A foghorn, of all stupid fucking things, interrupts before I get my hand down my swimsuit bottoms. The yacht has returned to the harbor. More guests are coming aboard. I sit up, and Kit’s hand vanishes from my face.

“Ah,” Émile says, reluctantly drawing away. He gets to his feet, stretching athletically as if he were out for a light jog ratherthan trying to initiate a three-way. “The host must attend to his duties. I will return.”

He takes my hand and kisses the back of it.

“When I do, I hope you will have begun without me.”

And then he’s gone like a god of luxury linens, and we’re suddenly, inescapably alone. And I’m suddenly much more sober than I was two minutes ago.

That was—

We were—

Kit pulls away first, but I pull away harder.

“Theo,” Kit starts, breathless and dark-eyed.

Something you need to know about Kit is, his name isn’t actually Kit. His parents started calling him Kit because he was quick and wily like a little fox, and it was easier for his older brother to say, so it stuck. But his real name is Aurélien. The golden one. It fucking suits.

The golden one doesn’t make careless mistakes. The golden one doesn’t twist himself into knots over long-lost love. The golden one wasn’t about to jerk off in front of the ex he still wants because he had one too many caviar bumps and needed an outlet for his frustrations. The golden one is kind, and reliable, and thorough, and so unruinable that even this could barely persuade him to touch me. It’s not fucking fair.

“You know what would be so funny?” I say.

Kit barely reacts. I notice with some satisfaction that he’s still hard.

“What?”

“If I did this.”

I snatch a bottle of Dom Pérignon from the ice bucket on the table and take off running.

I run all the way down the stairs to the main deck, through the party to scoop up my shoes and our shirts and, for the hell of it, some expensive-looking coasters, and soon I’m sprinting down the spillway and onto the pier, sandals slapping wildly against theplanks. Kit is only a few seconds behind, chasing me down the pier, and I feel like screaming with hysterical laughter. I feel like flying. I want to be golden too.

We race through the streets of Monaco, our shirts billowing and a bottle of Dom in my fist, and we start to laugh. We ricochet between alley walls, drunk on the rush of adrenaline, and I pop the cork out of the champagne. Bubbles stream down my forearms and over my feet until I fasten my lips on the opening and catch them in my mouth. I pass it to Kit, and he drinks, and I sing at the top of my voice, “Farewell and adieu all you fair Spanish ladies!”

We nearly drop the bottle, fumbling it between ourselves so that we crash together to catch it. My sandal comes halfway off, and Kit catches me before I trip, propping me up smoothly against the nearest wall.

In the pink bloom of a Monaco sunset, Kit is as breathtaking as he’s ever been. We’ve slowed now, laughter still on our lips but beginning to fade into soft, lilting breaths.

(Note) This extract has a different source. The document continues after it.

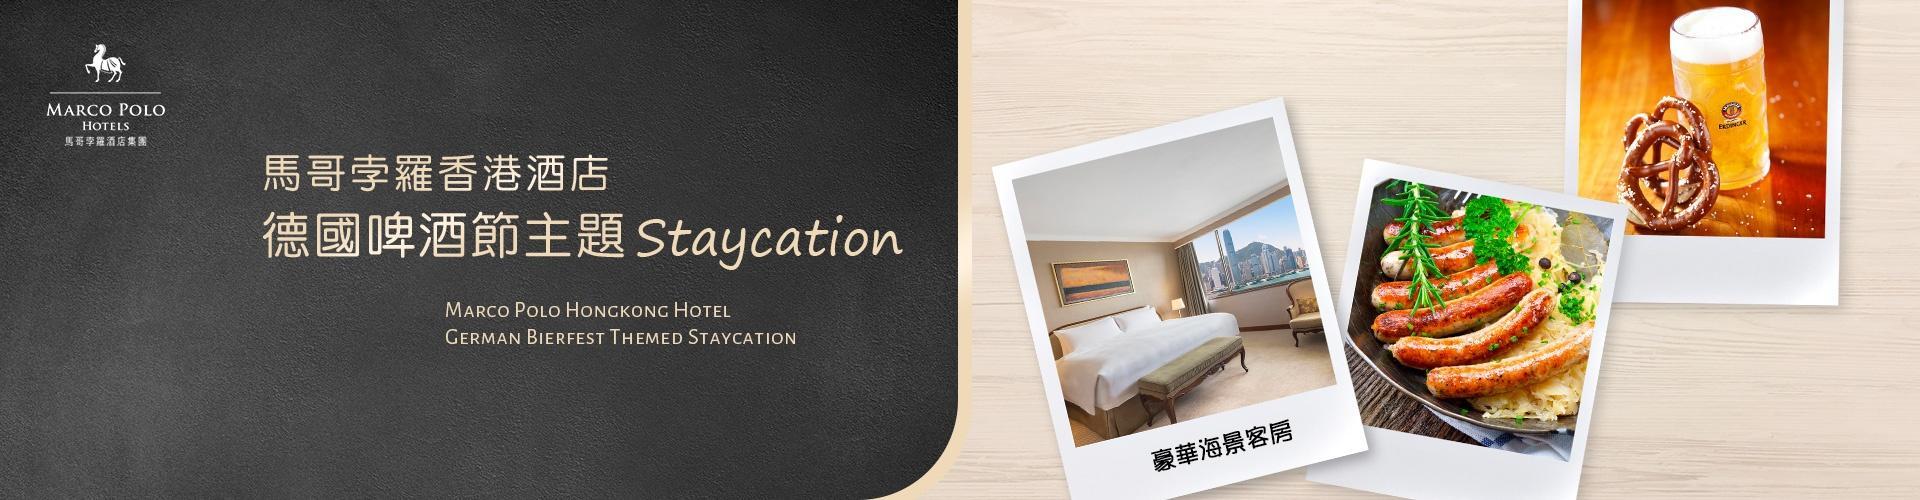 馬哥孛羅香港酒店 Marco Polo Hongkong Hotel

My back is against the bricks, and Kit’s hands are on my shoulders.

I bite my lip and look into his face, his dark eyes and expressive mouth, his every unforgettable angle. I love him. I don’t want to, but I do.

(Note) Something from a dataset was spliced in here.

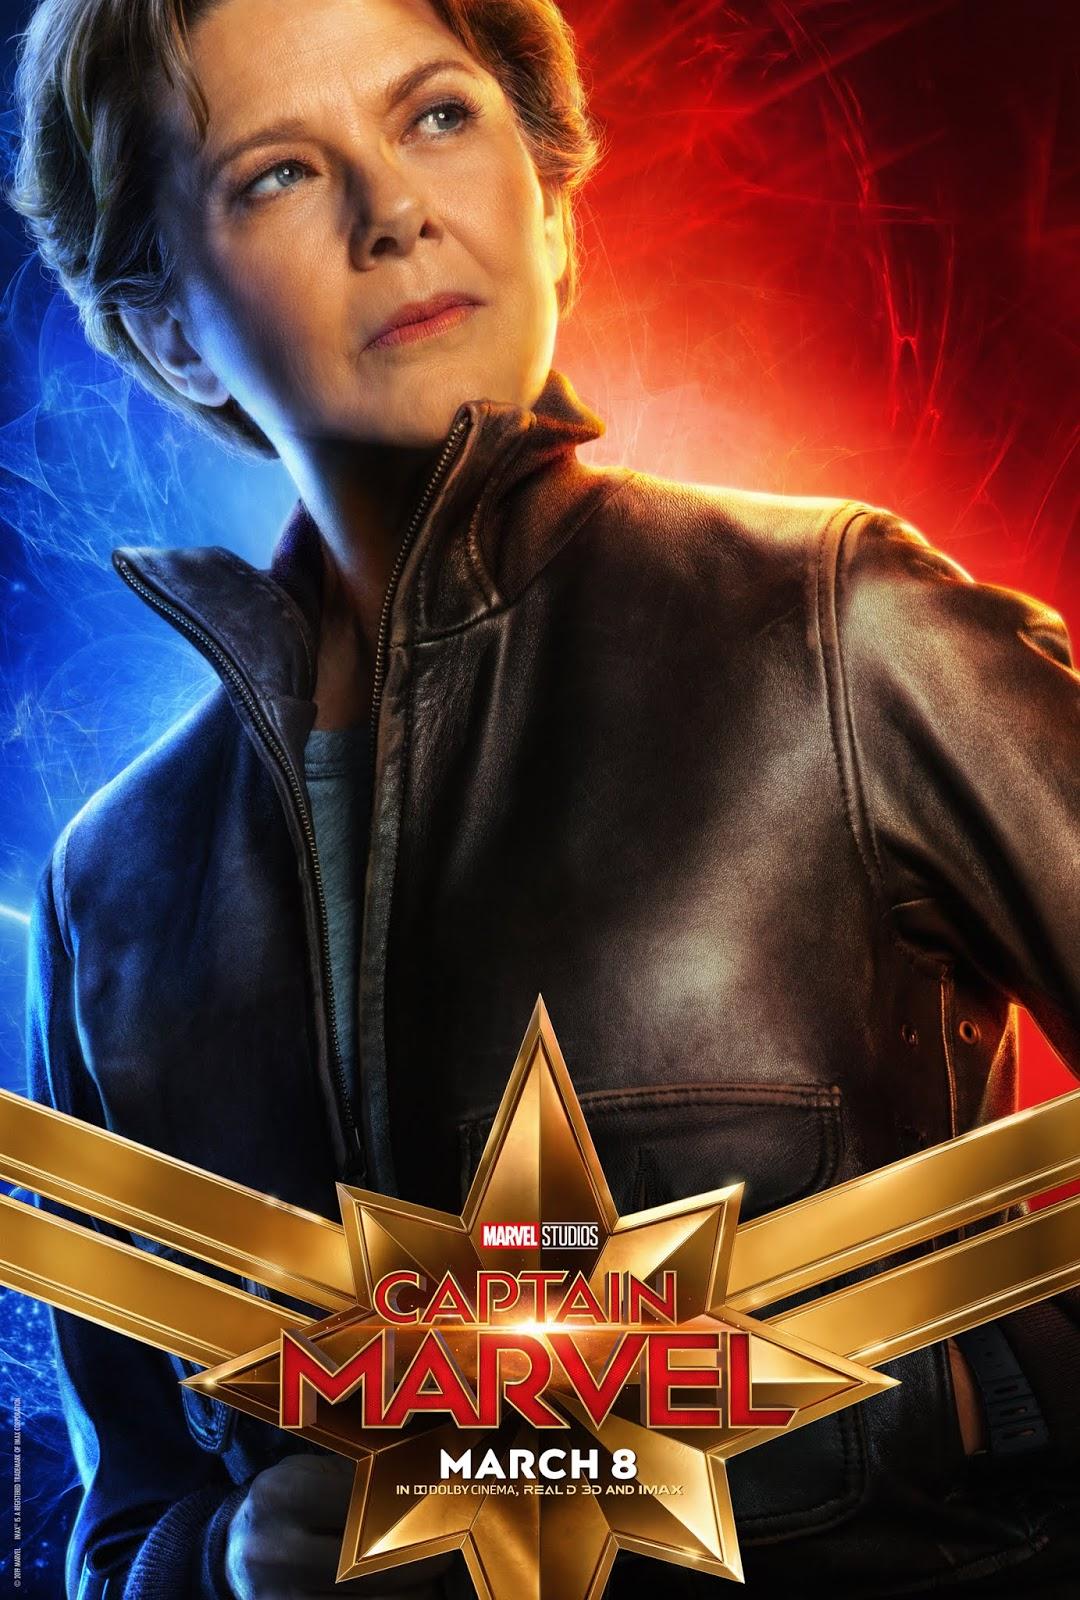 sasaki time: captain marvel character poster - annette bening

He touches my face like he did before, his fingertips soft on my cheek.

And he kisses me.

THE BEGINNING

(Kit’s Version)

Just northeast of Lyon, overlooking the Ain, there sat a medieval village called Pérouges surrounded by walls of honey-gold stone. And within those walls, there was a house.

The house was smallish and modest, with flower boxes that spilled green vines down its cobbly front like tipped watercolor pigment. The garden too was painted a lush, impossible green, and the hills outside the village’s walls were green and amber and the bruised bluish black of wet soil. Somehow the flowers never wilted or browned when I pressed my fingers to their petals, even though we’d been told not to touch them when they were in bloom. When I opened the shutters each morning, the air tasted of irises and sage.